The three questions to be considered by the Constitution Bench are – firstly, whether the Bar Council of India (BCI) can prescribe a pre-enrolment training in terms of the BCI (Training) Rules, 1995 as framed under Section 24 (3)(d) of the Advocates Act, 1961.

Secondly, whether a pre-enrolment exam can be prescribed by the BCI as a condition precedent for enrolment and, thirdly, if these two questions are answered in the negative, then whether a post-enrolment exam can be validly prescribed.

The Bench said the questions are of considerable importance and all cases relating to the challenge to the AIBE stand transferred to the Constitution Bench. “We are of the view that the questions call for determination by the Constitution Bench and need to be answered by the Constitution Bench. We, therefore, transfer it to the larger Bench,” it said.

The questions were framed, after taking suggestions of the parties and senior advocate KK Venugopal, who is assisting the court as amicus curiae in the matter. During the previous hearings, the Bench had said, “We want to settle this controversy regarding pre-enrolment training and post-enrolment exam. If an amendment to the Act is needed, we will recommend that.” 

The Bench was hearing a batch of petitions, seeking quashing of a 2010 notification, by which lawyers must clear the AIBE to get an advocacy licence.

The court, during the earlier hearings, had observed that legal profession is “crying for reforms” and lawyers cannot be allowed to a have a “free ride as the administration of justice is a key area”. 

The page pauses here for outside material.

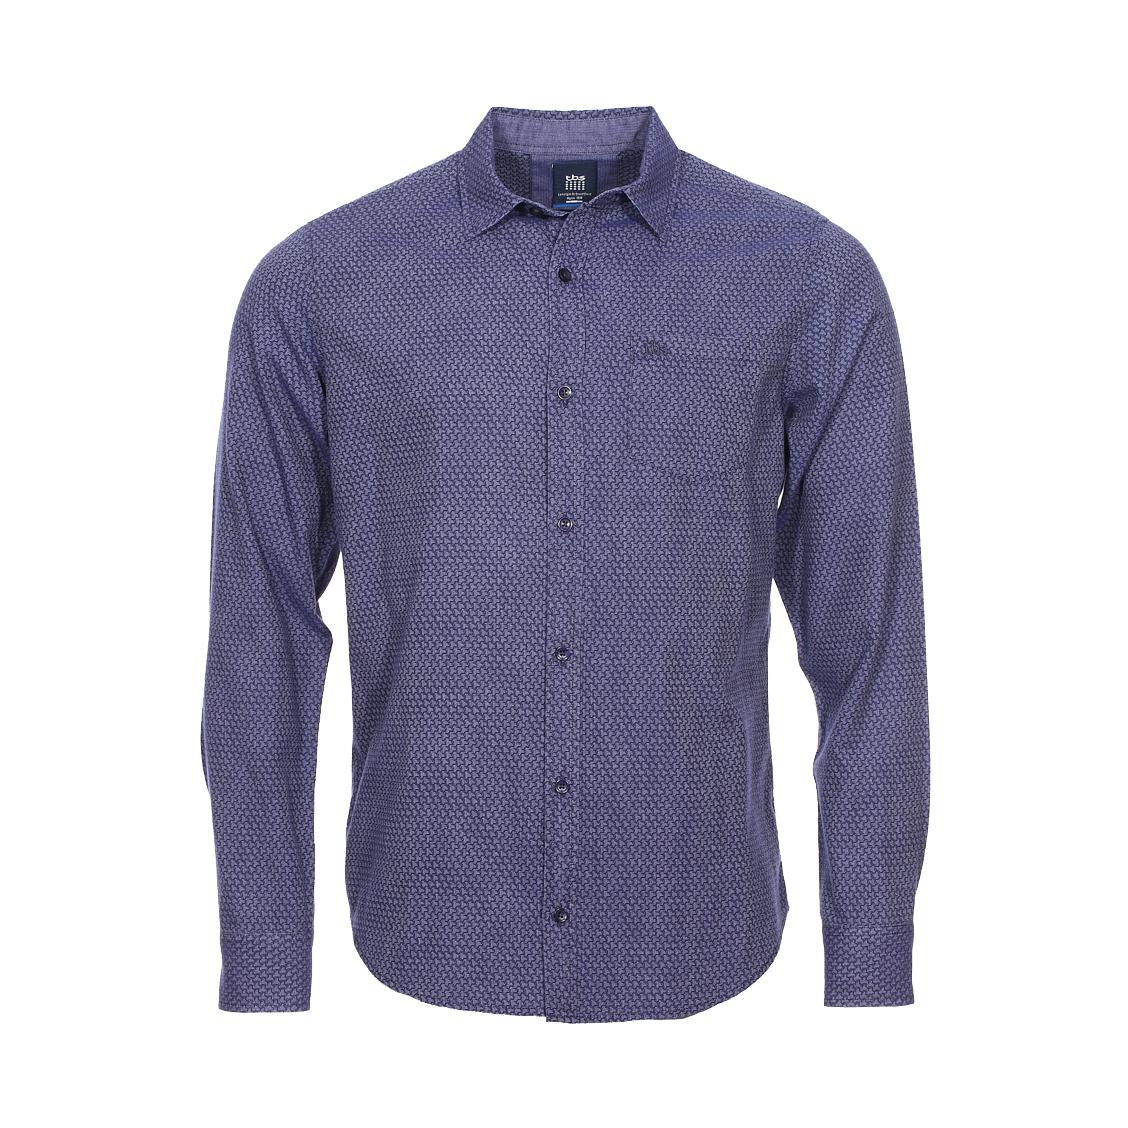 Chemise ajustée Bomche TBS en coton bleu marine à motifs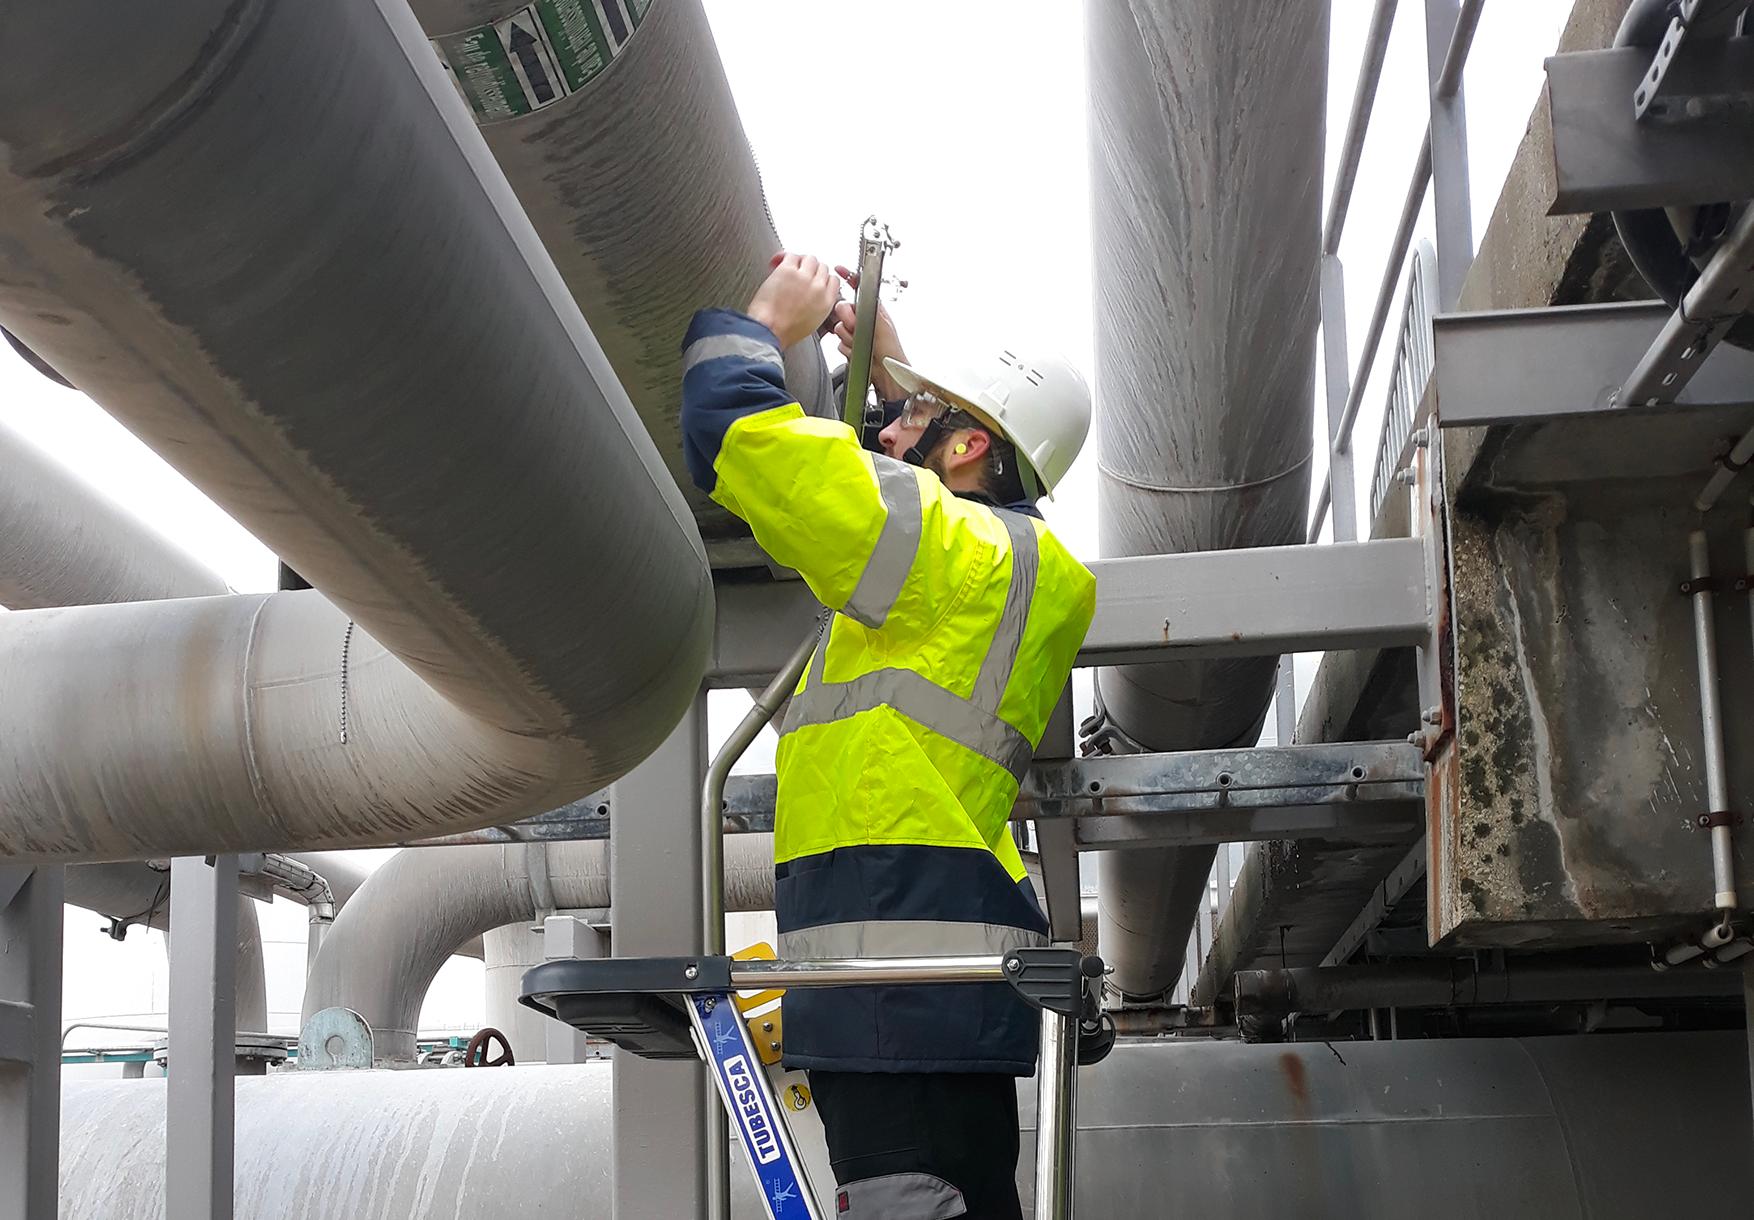 Mise en place de moyens de mesures sur réseau d'eau de refroidissement dans le cadre d'un audit

The Apex Court had not stayed the upcoming AIBE, saying it was not “averse” to it and would examine whether it was permissible under the Advocates Act. “The system is crying for reforms...There are over two million lawyers in courts. Which means, we have enough lawyers and future inclusion must be on merits,” it had said, adding, “the profession is not something where you can have a free ride.”

The plea, seeking quashing of BCI’s notification on AIBE, alleged that it takes away the statutory right given to an eligible person to practise law.

The Advocates Act provides that a law graduate can practise law and introduction of AIBE is not mandated under the law, the plea said. The BCI conducts AIBE, which has been made mandatory, to examine an advocate’s capability to practise the legal profession.

The Apex Court had also observed that right to practise law is a fundamental right for an LL.B degree holder and introduction of the examination by the BCI for granting advocacy licence “negates” the very right.  The BCI had claimed that the AIBE assesses skills at a basic level and is intended to set a minimum benchmark for admission to the practice of law.

“It (AIBE) addresses a candidate’s analytical abilities and basic knowledge of law,” the bar body had said.